К началу отступления отношения между Мао, Ло Фу и Ваном укрепились настолько, что, когда Мао высказал мысль о желательности всем троим быть в одной походной колонне, его новые приятели с радостью согласились139. Вот тут-то Мао и развернулся вовсю. По словам Брауна, к концу первого этапа похода под его влиянием «заговорщики» составили «политический мозг фракции… которая развернула борьбу за захват власти в партии и армии»140. Каждый из троих усиленно «обрабатывал» армейских командиров и членов партийного руководства. Особенно старался Ван Цзясян, пребывавший все время в крайне раздраженном состоянии — то ли от болей в животе, то ли по какой-то другой причине141.

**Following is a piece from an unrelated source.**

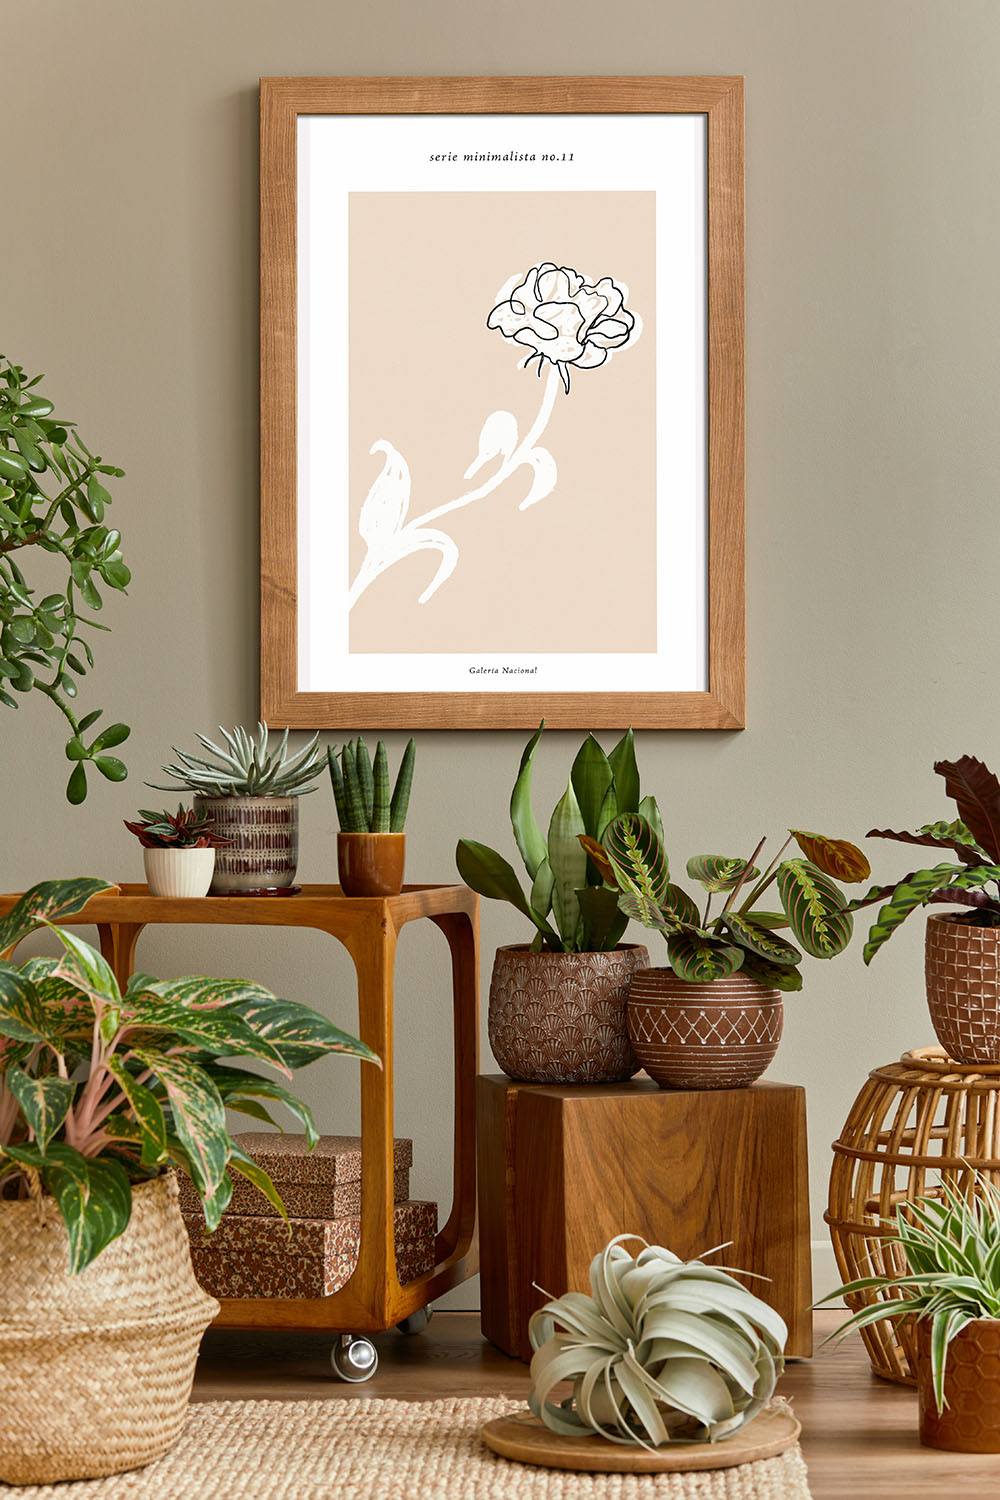 Bild einer Blume Serie minimalista no.11 Froilein Juno

На стороне Бо Гу оставался пока Чжоу Эньлай, но он был ненадежен. Мао помнил, как сравнительно легко ему и Чжу Дэ удалось обработать Чжоу в августе 1932 года, когда они втроем находились на фронте. Да, после этого Чжоу вновь склонился к Бо Гу, но, зная его, Мао не сомневался: этот гибкий и осторожный человек пойдет за тем, у кого будет сила.

И он не ошибся. В первом же гуйчжоуском городе, захваченном Красной армией, в Липине, во время заседания Политбюро Чжоу поддержал Ло Фу, Мао и Ван Цзясяна, когда те потребовали от Бо Гу созыва в ближайшее время расширенного совещания руководства для обсуждения итогов борьбы против пятого карательного похода Гоминьдана. Бо Гу ничего не оставалось, как согласиться, несмотря на то, что он хорошо понимал: грядущее совещание будет направлено против него и Отто Брауна.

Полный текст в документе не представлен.